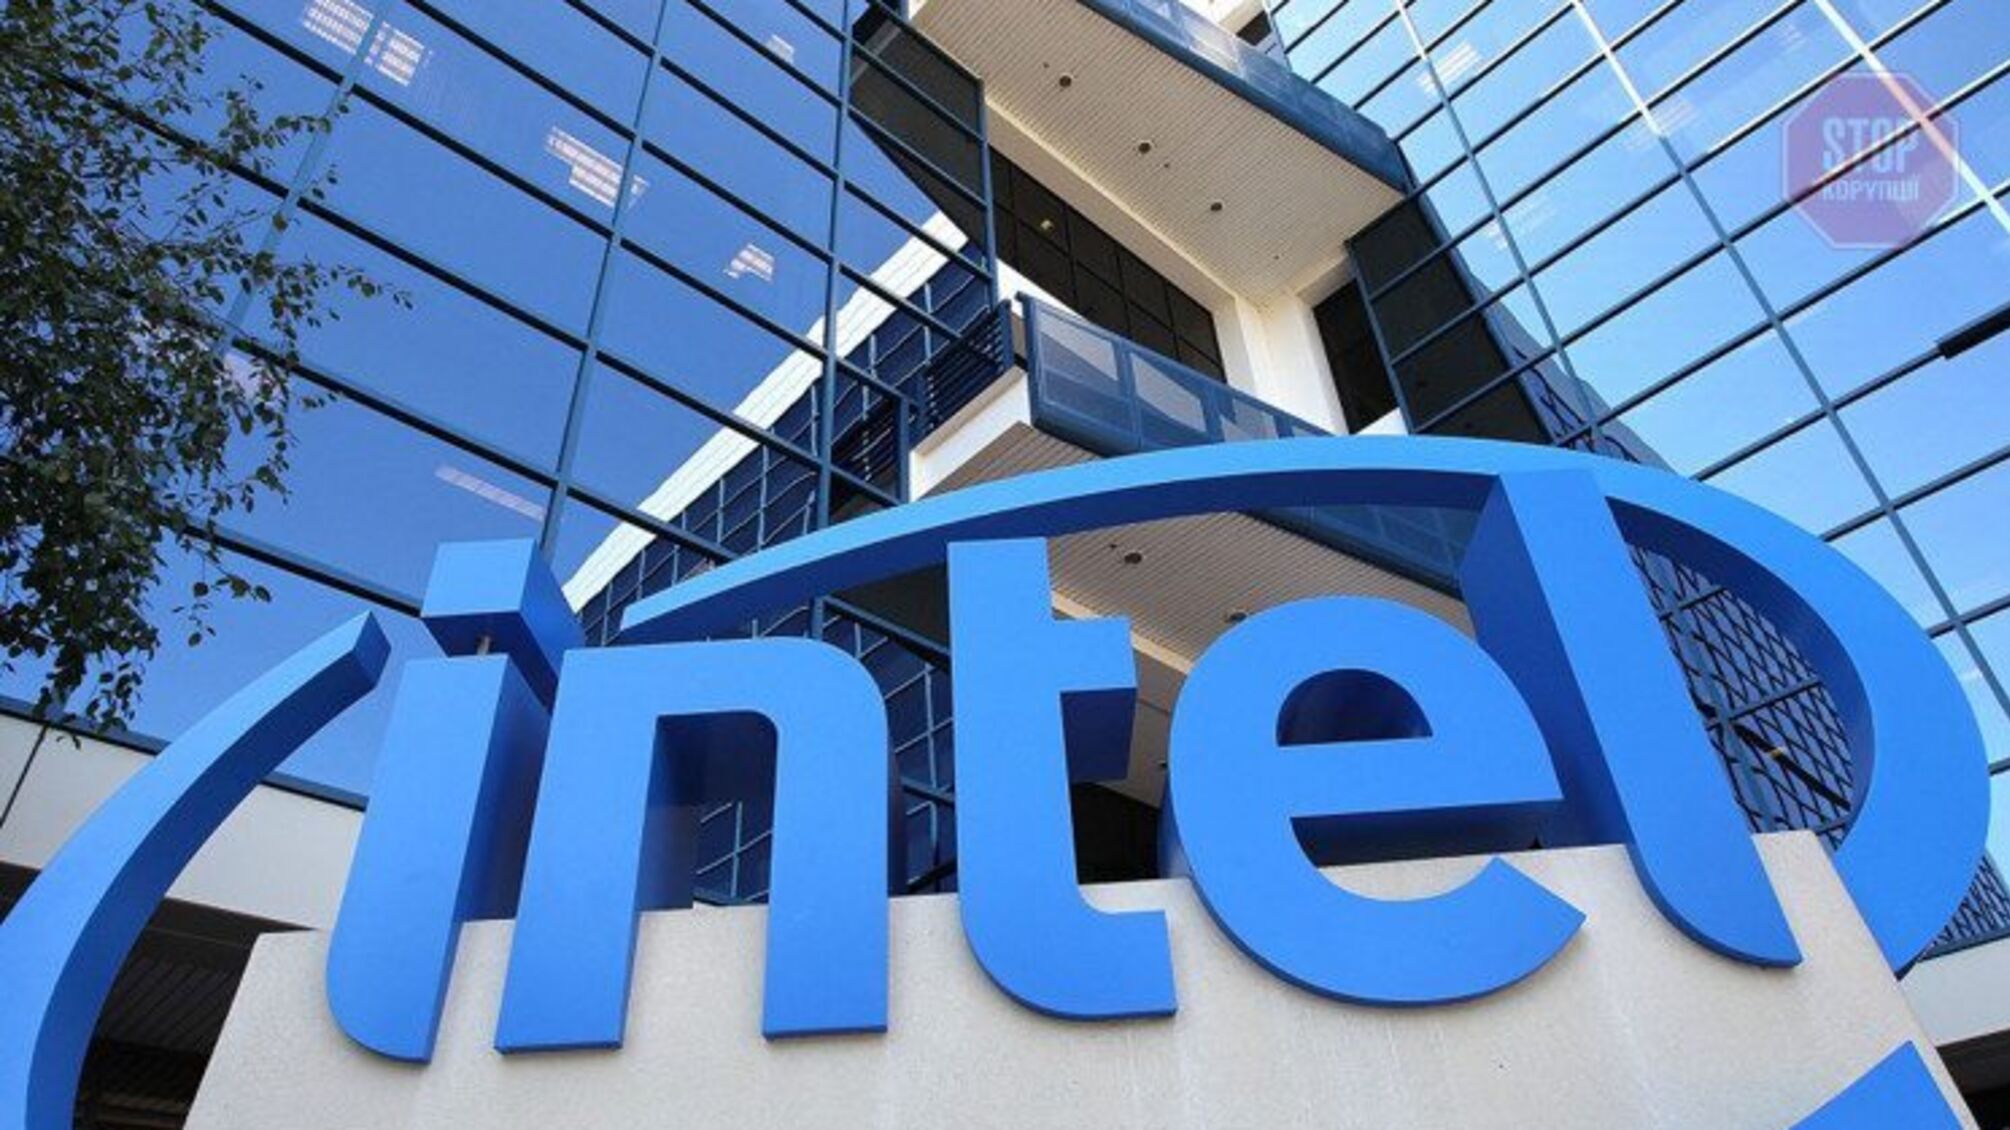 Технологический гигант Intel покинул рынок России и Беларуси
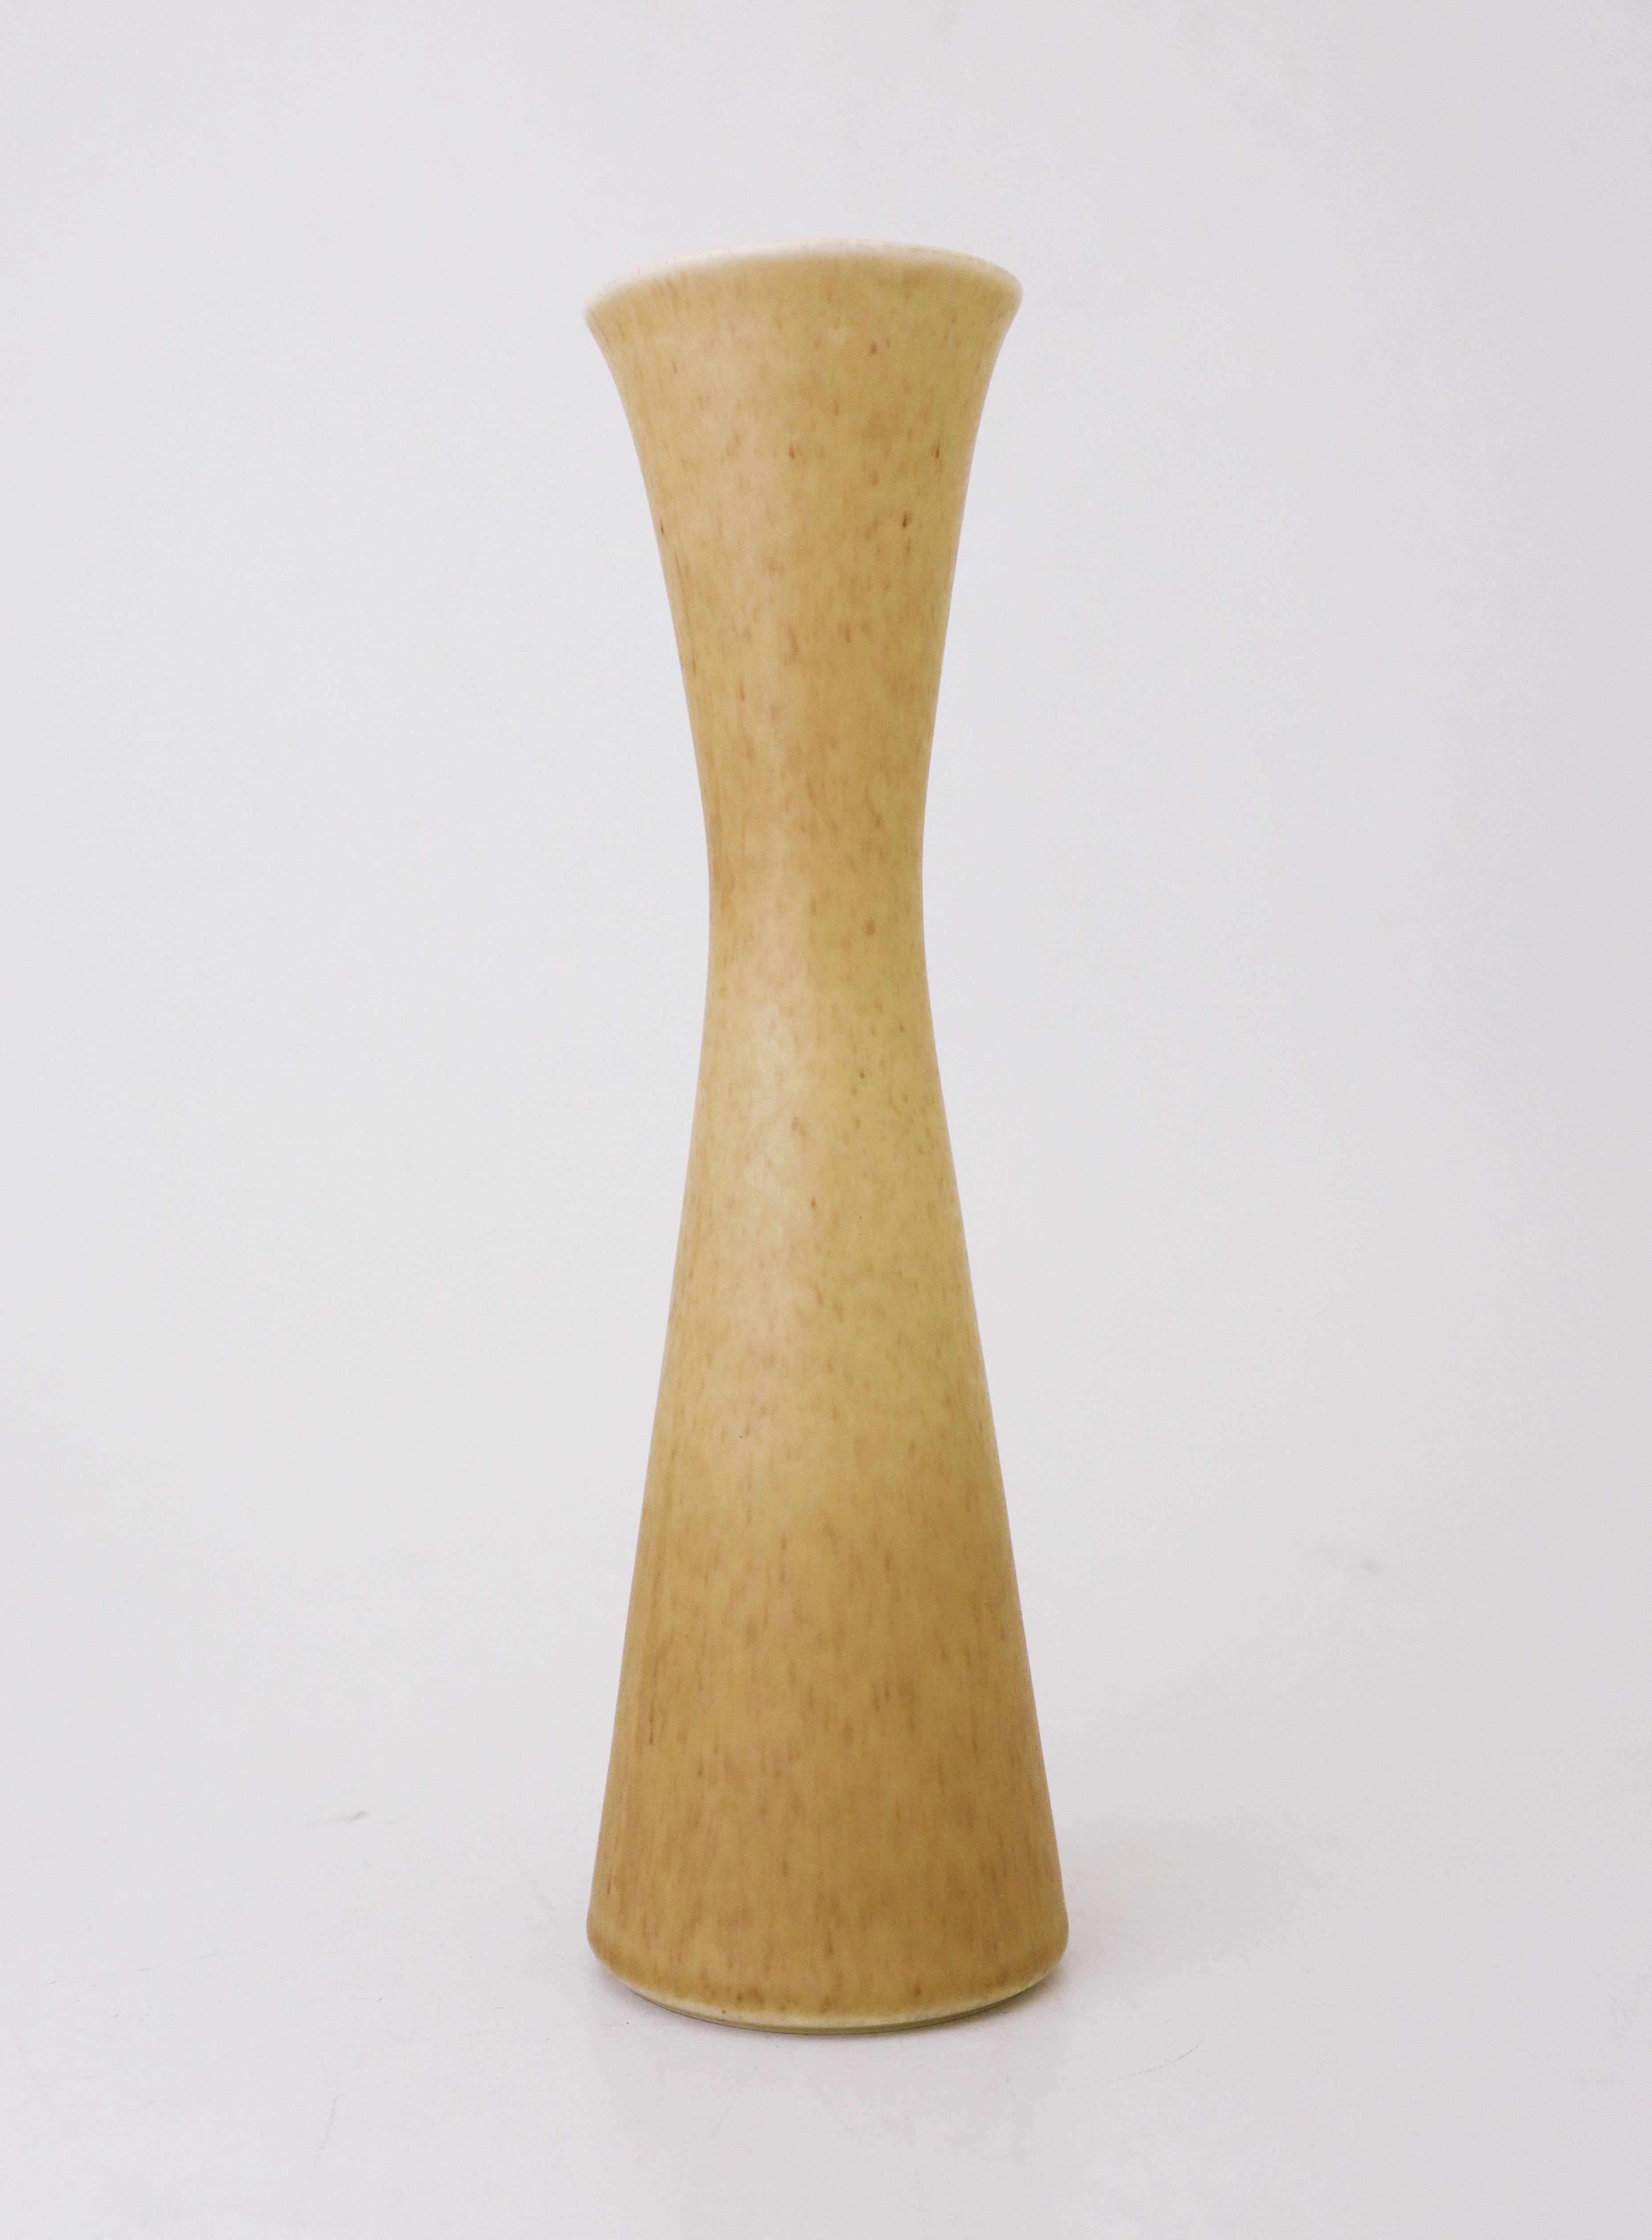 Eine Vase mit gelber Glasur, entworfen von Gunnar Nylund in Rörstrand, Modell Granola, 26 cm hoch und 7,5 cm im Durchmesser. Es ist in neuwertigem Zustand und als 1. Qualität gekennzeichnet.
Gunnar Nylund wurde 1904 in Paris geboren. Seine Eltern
======
■ Requirement
Return an exact copy of the data above, apart from any pictures.

■ Answer below
 Технологический гигант Intel покинул рынок России и Беларуси
 Eine Vase mit gelber Glasur, entworfen von Gunnar Nylund in Rörstrand, Modell Granola, 26 cm hoch und 7,5 cm im Durchmesser. Es ist in neuwertigem Zustand und als 1. Qualität gekennzeichnet.
Gunnar Nylund wurde 1904 in Paris geboren. Seine Eltern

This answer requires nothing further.